AMD Plans Two GPUs in 2016

Subject: Graphics Cards | November 16, 2015 - 09:34 PM |
Tagged: amd, radeon, GCN

Late last week, Forbes published an editorial by Patrick Moorhead, who spoke with Raja Koduri about AMD's future in the GPU industry. Patrick was a Corporate Vice President at AMD until late 2011. He then created Moor Insights and Strategy, which provides industry analysis. He regularly publishes editorials to Forbes and CIO. Raja Koduri is the head of the Radeon Technologies Group at AMD.

View Full Size

I'm going to be focusing on a brief mention a little more than half-way through, though. According to the editorial, Raja stated that AMD will release two new GPUs in 2016. “He promised two brand new GPUs in 2016, which are hopefully going to both be 14nm/16nm FinFET from GlobalFoundries or TSMC and will help make Advanced Micro Devices more power and die size competitive.”

We have been expecting AMD's Artic Islands to arrive at some point in 2016, which will compete with NVIDIA's Pascal architecture at the high end. AMD's product stack has been relatively stale for a while, with most of the innovation occurring at the top end and pushing the previous top-end down a bit. Two new GPU architectures almost definitely mean that a second one will focus on the lower end of the market, making more compelling products on smaller processes to be more power efficient, cheaper per unit, and include newer features.

Add the recent report of the Antigua architecture, which I assume is in addition to AMD's two architecture announcement, and AMD's product stack could look much less familiar next year.

Source: Forbes

Video News

November 16, 2015 | 09:46 PM - Posted by Anonymous (not verified)

Are we going to get mid and low-end parts first and then the big die part later? At 14 or 16 nm, even a mid-range part may compete with the high-end 28 nm parts. How big would a ~15 billion transistor part be at 14 nm? It would be very interesting if they could fit two of them on an interposer. 2016 definitely should be an interesting year.

November 16, 2015 | 11:32 PM - Posted by anonymous (not verified)

this was/is my line of thinking as well. and not only with big red. pascal's release cadence also gives me pause for concern. i wouldn't be too stoked if the first chips on these new process nodes, are similar to what nvidia did with gm107. would be nice n all, dont get me wrong. but wants to get straight down to business with these new chips, no foreplay necessary

November 16, 2015 | 11:21 PM - Posted by Anonymous (not verified)

AMD needs one discrete mobile SKU that can make its way into more laptops, unless AMD expects that APUs will fill that need! A Interposer based laptop APU SKU with HBM would really provide the bandwidth necessary for an APU to really replace the need for a discrete GPU in laptops! So Zen on an interposer with HBM for laptops, or get a line of discrete GCN mobile APUs that can get AMD more Laptop presence.
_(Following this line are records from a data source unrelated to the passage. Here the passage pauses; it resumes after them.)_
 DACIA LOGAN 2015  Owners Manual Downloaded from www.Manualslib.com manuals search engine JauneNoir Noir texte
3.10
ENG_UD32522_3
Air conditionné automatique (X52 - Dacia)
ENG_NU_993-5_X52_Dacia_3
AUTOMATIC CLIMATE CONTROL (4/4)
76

November 17, 2015 | 12:42 AM - Posted by Anonymous (not verified)

interposes and HBM Zen... same regurgitated shit you mention in every article... fuck off already

November 17, 2015 | 11:59 AM - Posted by Anonymous (not verified)

Why should I, especially if it irritates you so much, and that in itself makes it worth mentioning every single time. Man even Apple could go for a Zen based desktop/laptop SKUs on an interposer with HBM memory, and lots of motherboard space saved as well as power saving HBM! That HBM alone could feed any GPU's bandwidth needs, so an APU based on an interposer will allow for Zen CPUs( Fabricated on their own process node that best suits desktop CPUs) and GPUs(fabricated on the process node that best suits GPUs) to be joined together on a silicon interposer and wired up with uber wide parallel traces CPU to GPU, as well as GPU and CPU to HBM. All low clocked high effective bandwidth connection fabrics traced out on the interposer's substrate! Those Zen based APUs on an interposer will become used for all AMD's desktop, or mobile APUs eventually!
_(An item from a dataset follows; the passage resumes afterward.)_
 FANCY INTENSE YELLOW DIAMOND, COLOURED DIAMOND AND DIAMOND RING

Yes even for low power APUs that may see the CPU/GPU portion fabricated together using high density design libraries and connected up on an interposer to HBM, allowing AMD to get more circuity packed on a 14nm node than Intel can get using its standard CPU low density design libraries! It's not as if Intel will be clocking its mobile CPU/SOC parts higher so what's the use in using low density high performance design libraries for low power parts anyways! AMD can get the same extra 30% CPU die area space savings out of the 14nm node as it got on 28nm with Carrizo's CPU cores, allowing AMD to use more GPU ACE units on its mobile SKUs! AMD could fit more more CPU cores on the 14nm node, or extra GPU ACE units just by utilizing those high density design libraries normally used for GPU cores, but in a very innovative way applied to CPU cores to get more space savings on any process node. For low power mobile parts, high density design libraries are the way to go!

November 17, 2015 | 03:39 PM - Posted by Anonymous (not verified)
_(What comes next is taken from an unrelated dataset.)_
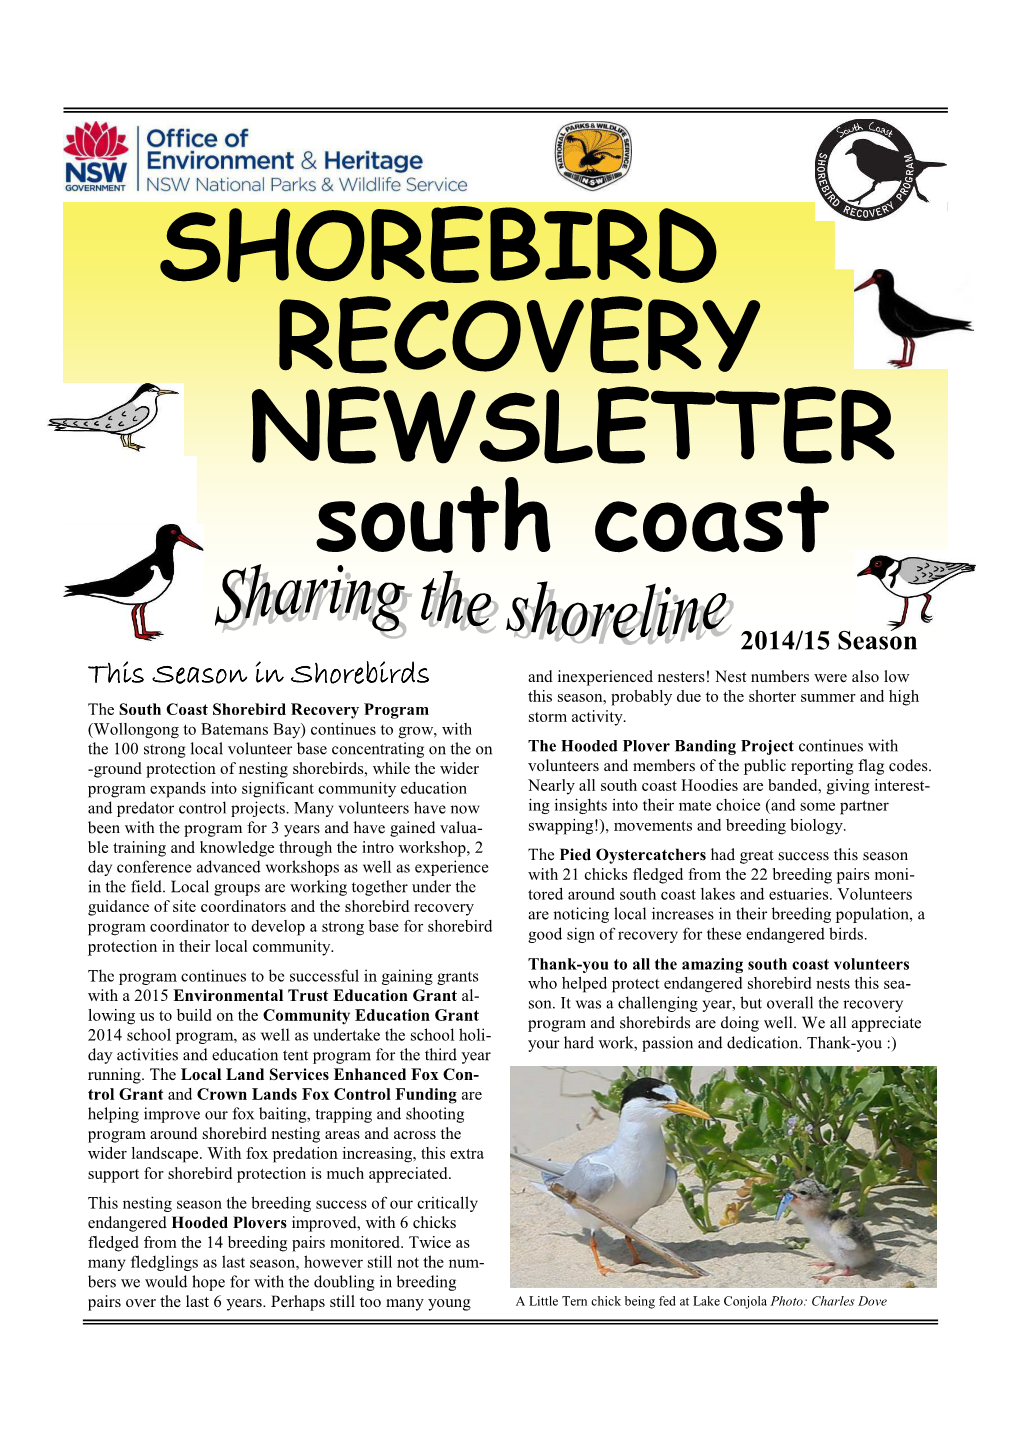 South Coast Shorebird Recovery Program 2014/15 Newsletter

if apple ever goes for another cpu its going to be their own. AMD is dead sooner or later, accept it

November 17, 2015 | 04:27 PM - Posted by Anonymous (not verified)

Not if Apple wants an x86 based CPU for its Mac Pro, or its high end MacBooks. Apple sells to some people that dual boot OSX with windows OSs, and Apple could probably replace its lowest end Macbook Airs with its custom ARM SOC, but Apple's custom ARM SKU is not ready to take on more powerful computing just yet(software reasons mostly)! Apple can't get an x86 license from Intel, or the x86/64 bit license from AMD, but Apple can certainly commission a custom x86 based Zen APU on an interposer from AMD's semi-custom APU division.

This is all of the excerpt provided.